So I’m back, in full force! From not having anything made in a long time, to getting shockingly lazy at actually photographing anything, there has been no new garment posts in over six months… I’ll try not let it slide for this long again. Now that I have regained my weekend time (thank you college) I have started a new tradition of becoming intensely inspired on Saturday night to wear/ make/ have something for my next week of classes. This leads to Sunday morning becoming a frenzy either at my sewing machine, ultra professional cutting desk (aka the kitchen table) or on my bed room floor, casually stroking my fabrics. So far the results have been good, and surprisingly wearable, considering the often “high fashion” inspirations and “speed is key” production methods. Here is one of my first offerings. A bias cut slip dress.

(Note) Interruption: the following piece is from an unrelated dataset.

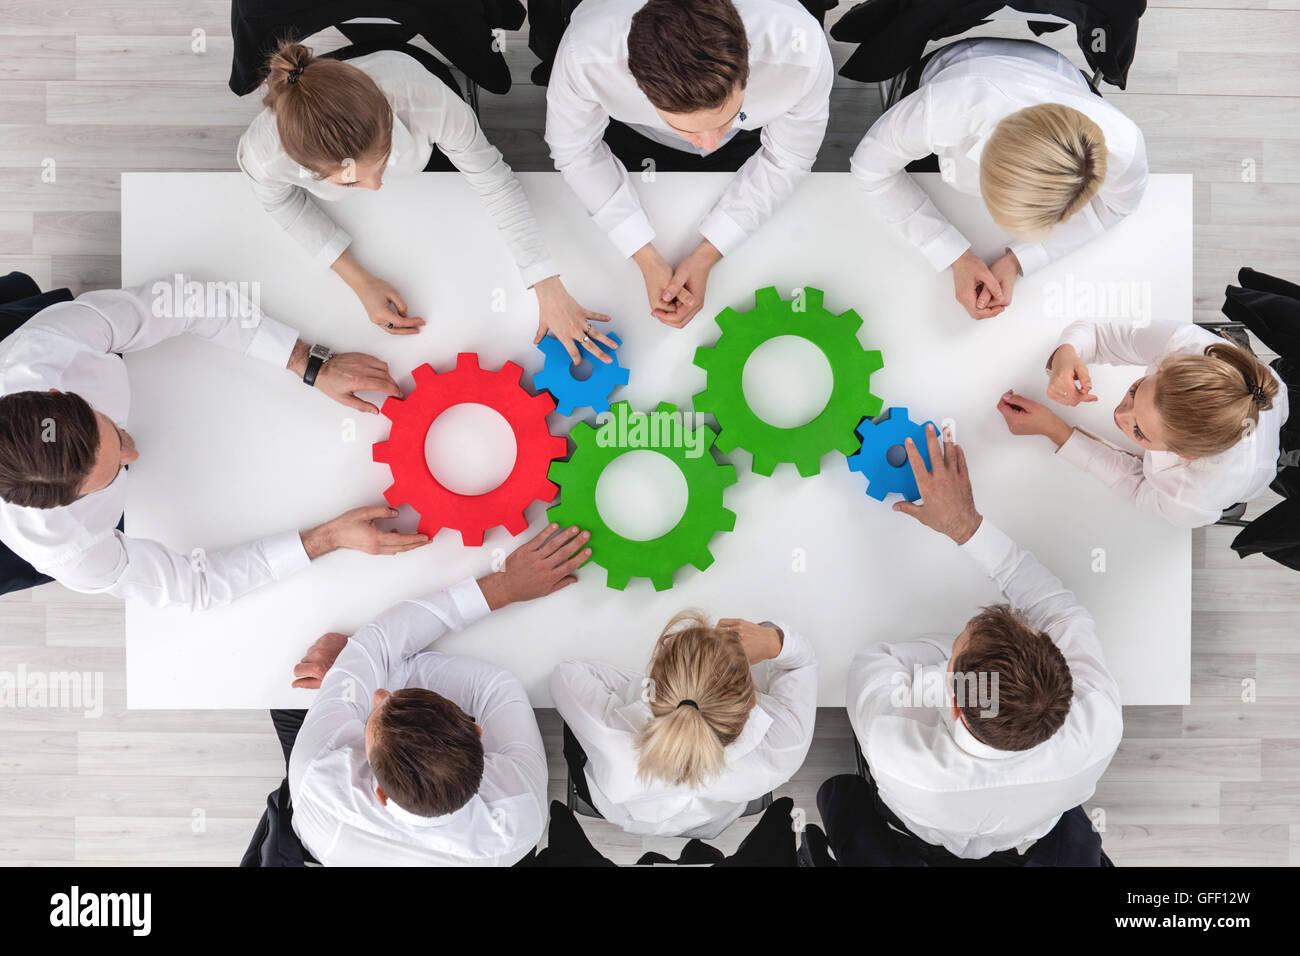 Equipo empresarial sentados alrededor de la mesa con engranajes, concepto de trabajo en equipo Imagen De Stock

So where did this idea come from… Well I’ve been curious about bias-cut clothing for a small time now, wondering how it might look sewn up, if it was really going to be some new sewing challenge (spoiler, it’s super easy) and would I actually wear something that has the decadent tag of “on the bias”. I do wear this, a lot, it probably needs a wash by now as I’m pretty sure some of the curry that I made last week is hidden somewhere. The real trick with bias is that it stretches, which means that it’s surprisingly comfortable to wear and the fit is flattering, flowing nicely where you want it to flow, and then fitted enough where you, uh want it to be fitted…? It’s not a long calculus question.
So what pattern change did I make to accommodate my bias fling, none. I just whacked out a pattern (because lets be honest and realise that I only take time with debs dresses and coats), and stuck a 45 degree angle to the original grain line. Much in the same way that you might mark a bias binding strip, was how this dress was marked. The rest of the draft was very straight forward, making a camisole style neck-line, then taking out the bust darts by just pulling in the sides. As for waist shaping, that was another gamble that payed off in this case. I took a little out of the waist, probably less than a half centimetre, because I wasn’t in the mood for sewing up any darts. Then I made the dress a bit longer, I know you can’t really tell but when your eye-ball measuring of lengths is usually for mini-skirts your idea of ‘long’ can become a little skewed. Since the piece was already on the bias, I continued the trend with a bias binding finish, making the straps link into the armhole coverage. Then folded the hemline up twice and hey presto! We have a dress. I started this Sunday morning at around nine, finished before twelve, although I work as though I’m on steroids (all my extra energy comes from running) and as though there’s no tomorrow, which considering that I wasn’t going to have my sewing machine the next day, is a viable excuse here.
And I’ve found myself wearing this dress at least four times since that fateful morning. Of course I wear layers, despite the art college tag here, I do still treasure my warmth above all else, my most often worn item is my fleece. It is fun for layering though, especially with the grey dress worn here, which has always been that bit too ‘body-con’ for comfort. I’m trying to become less “I’ll just stand here in my oversized clothing” but I do have moments where I’ll completely revert, or look in the mirror and shake my head that it’s just not me. But well, the two together… very me. So final verdict on this nineties-esque piece, I’m very happy with it, I can keep my barely there ‘fashion cred’ while still staying true to my rule of warmth and comfort. Best of both worlds, now if you’ll excuse me while I knock up another dozen!
P.s. did I even mention that it’s silk!